Instructions to follow>
Give the listing again word for word, excluding the pictures it contains.

Data section>
§

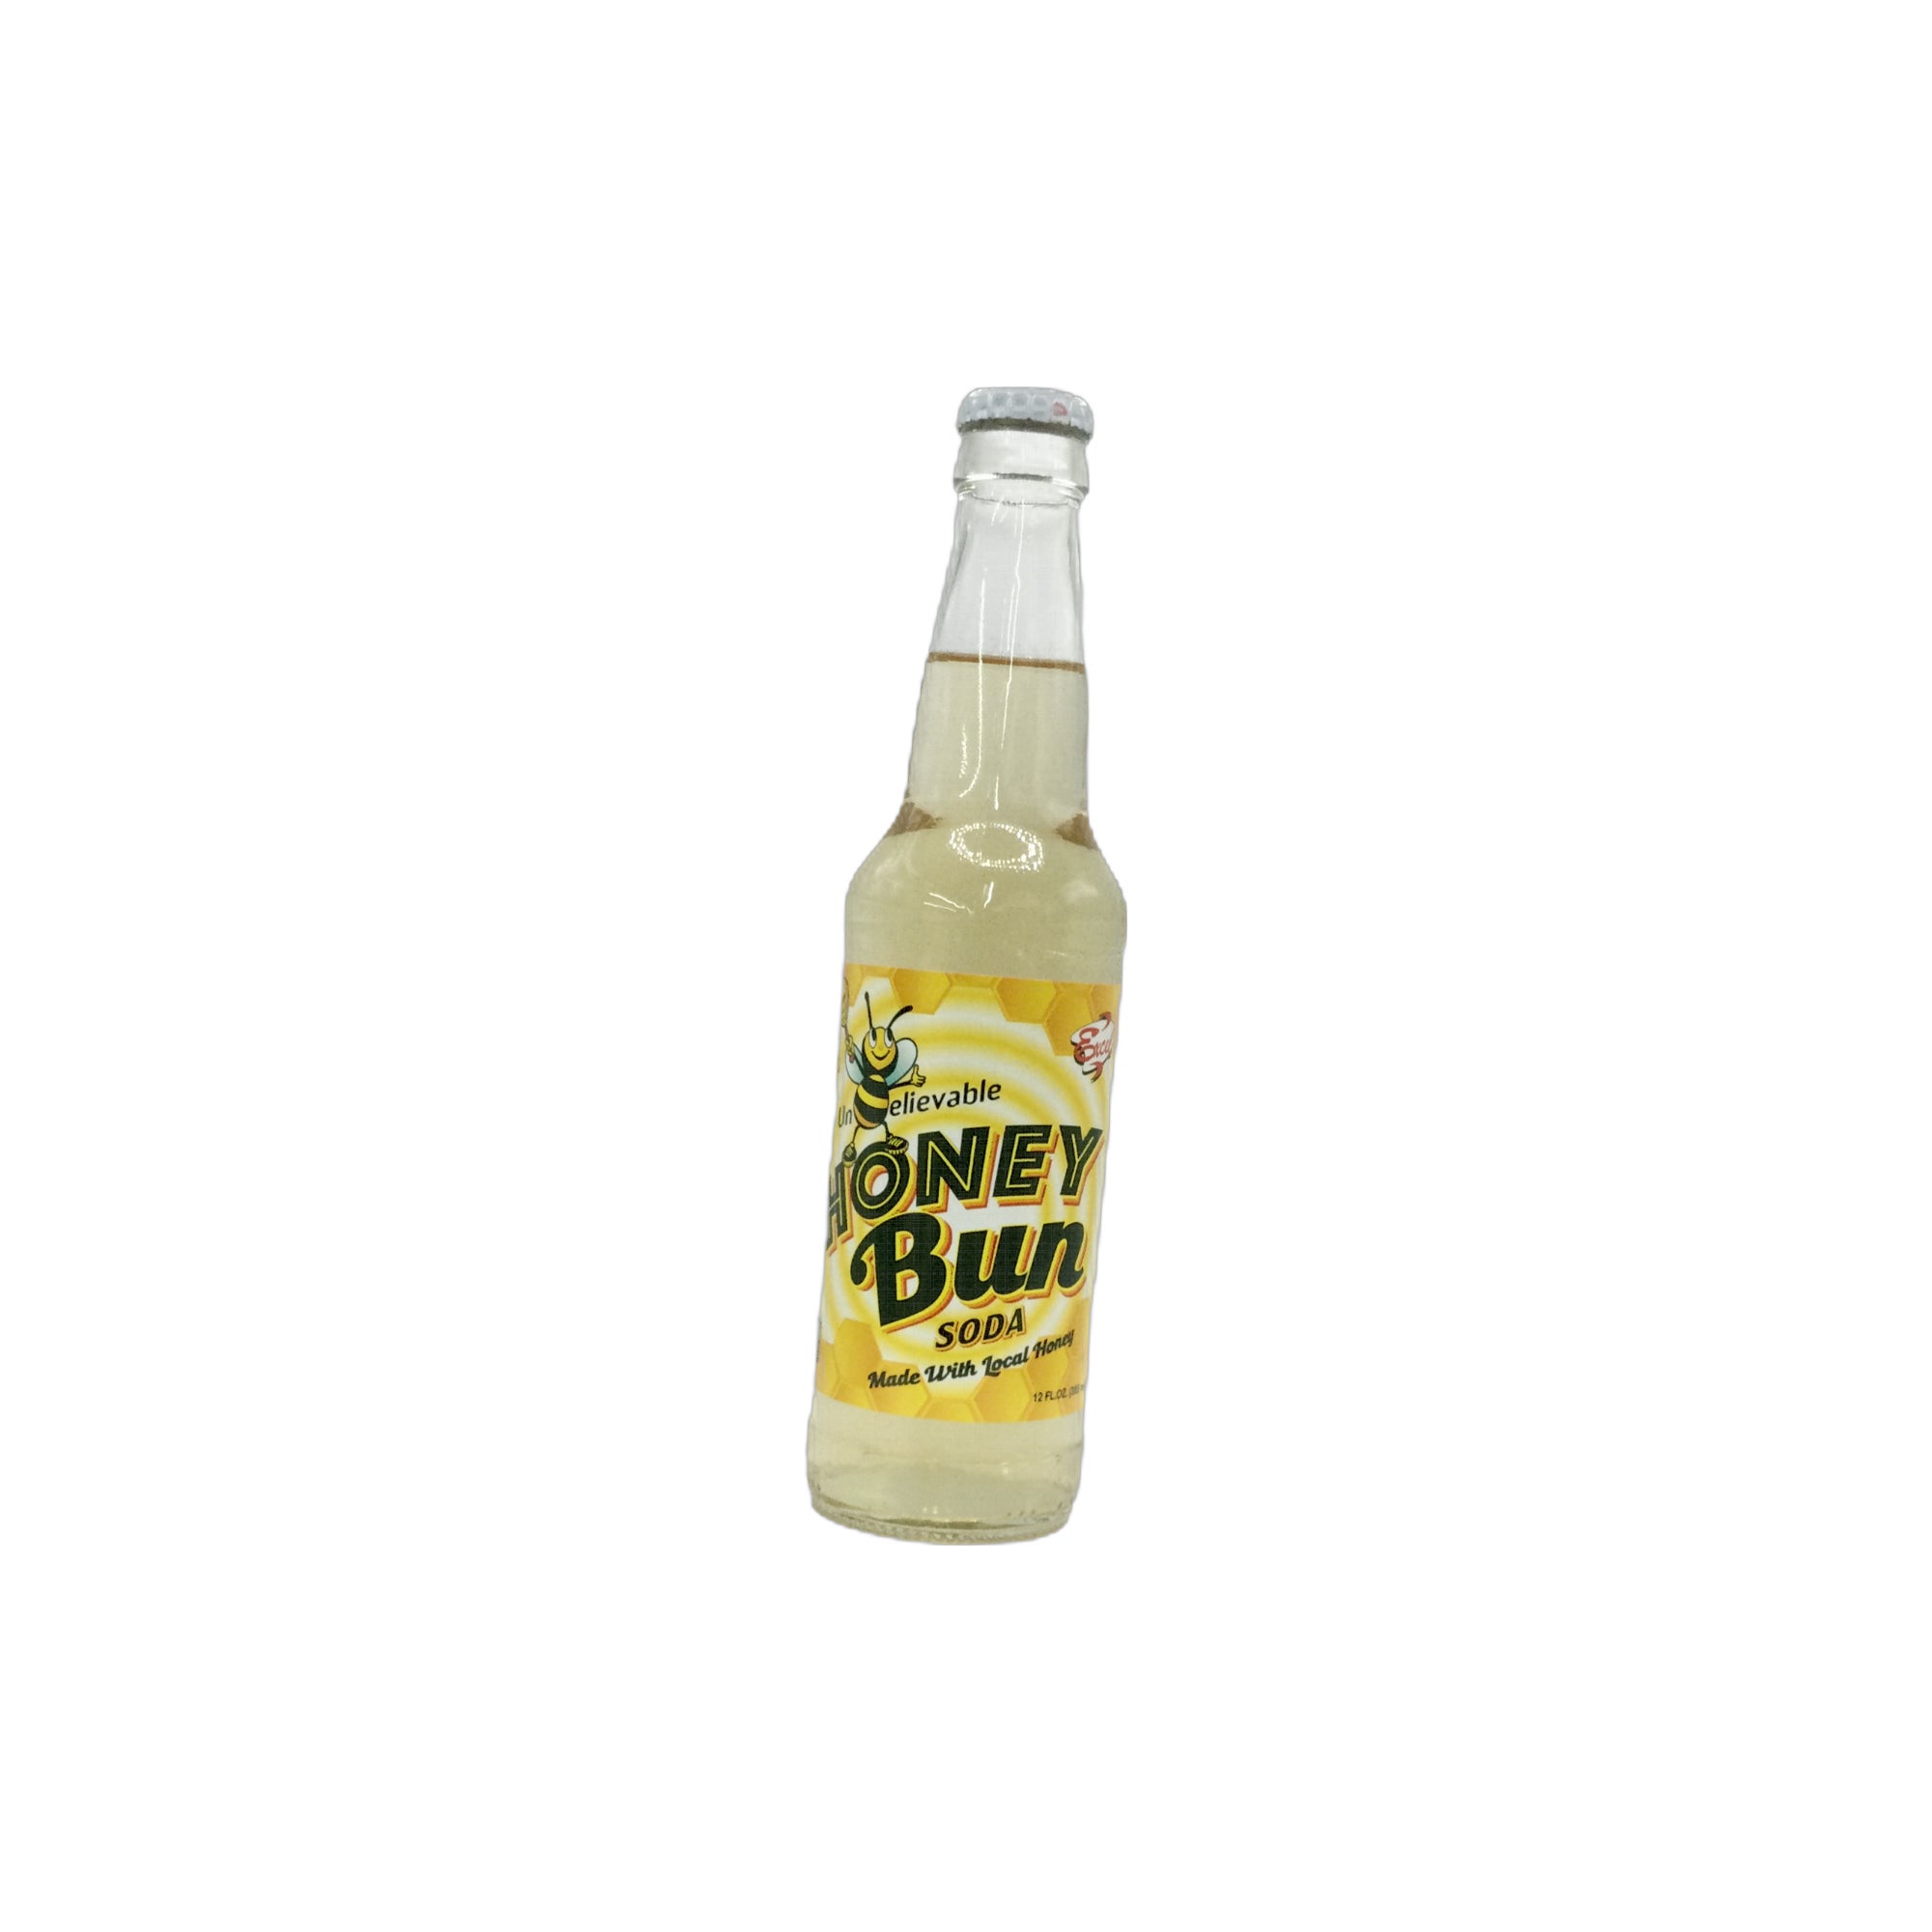 Unbelievable Honey Bun Soda 12 oz Glass Bottle from Excel
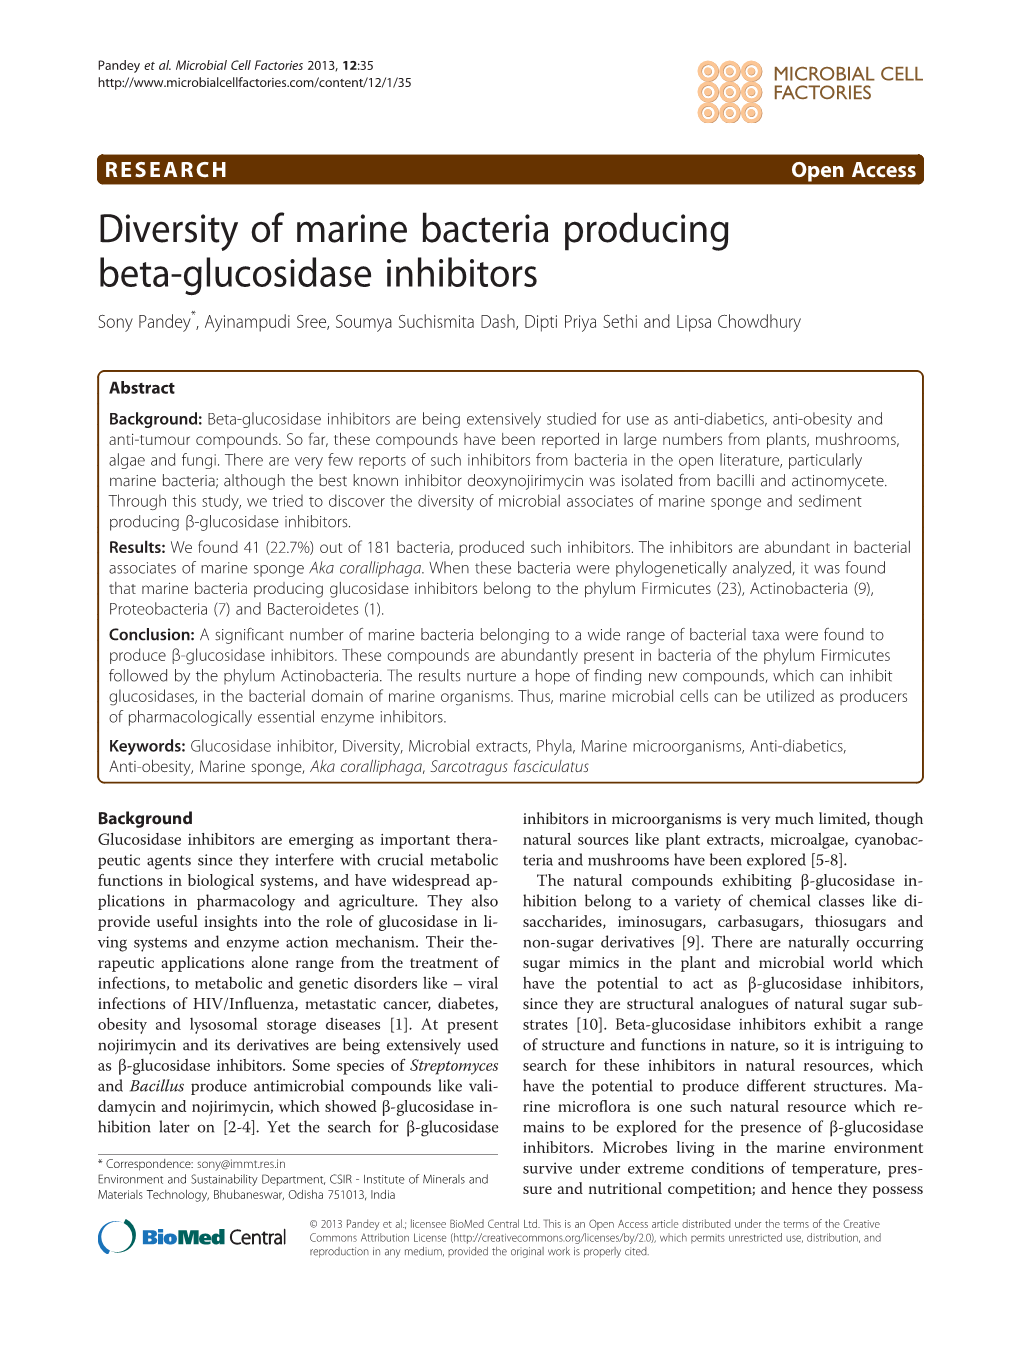 Diversity of Marine Bacteria Producing Beta-Glucosidase Inhibitors Sony Pandey*, Ayinampudi Sree, Soumya Suchismita Dash, Dipti Priya Sethi and Lipsa Chowdhury
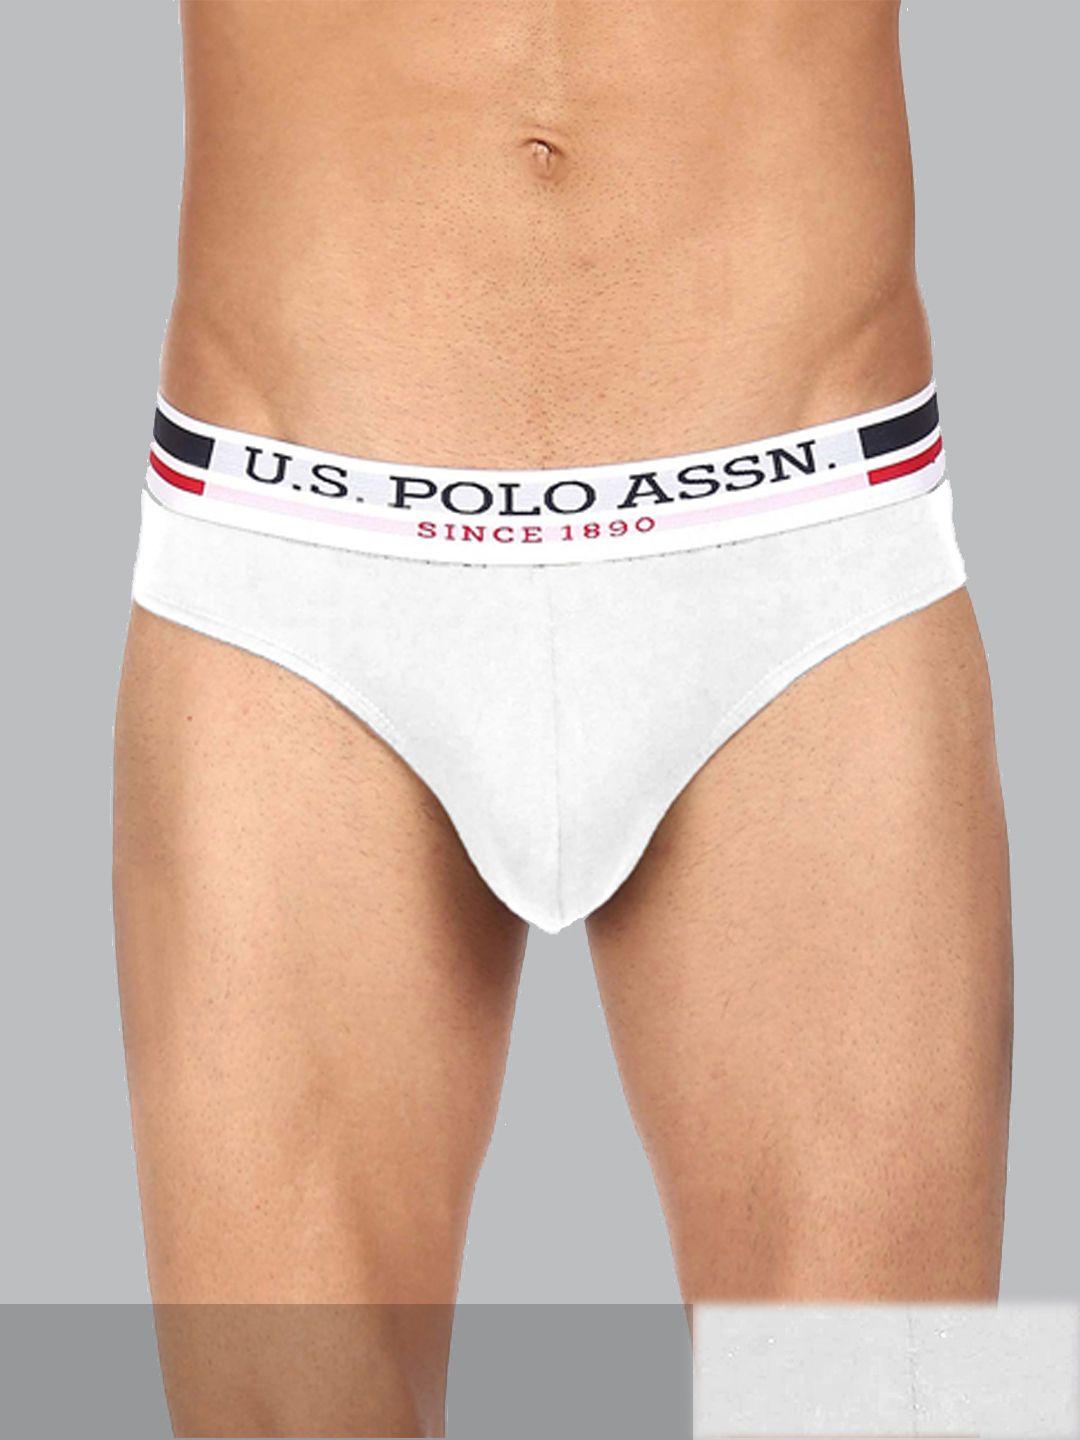 u.s.-polo-assn.-men-white-solid-cotton-briefs

§

Answer below>
 Unbelievable Honey Bun Soda 12 oz Glass Bottle from Excel
 Diversity of Marine Bacteria Producing Beta-Glucosidase Inhibitors Sony Pandey*, Ayinampudi Sree, Soumya Suchismita Dash, Dipti Priya Sethi and Lipsa Chowdhury
 u.s.-polo-assn.-men-white-solid-cotton-briefs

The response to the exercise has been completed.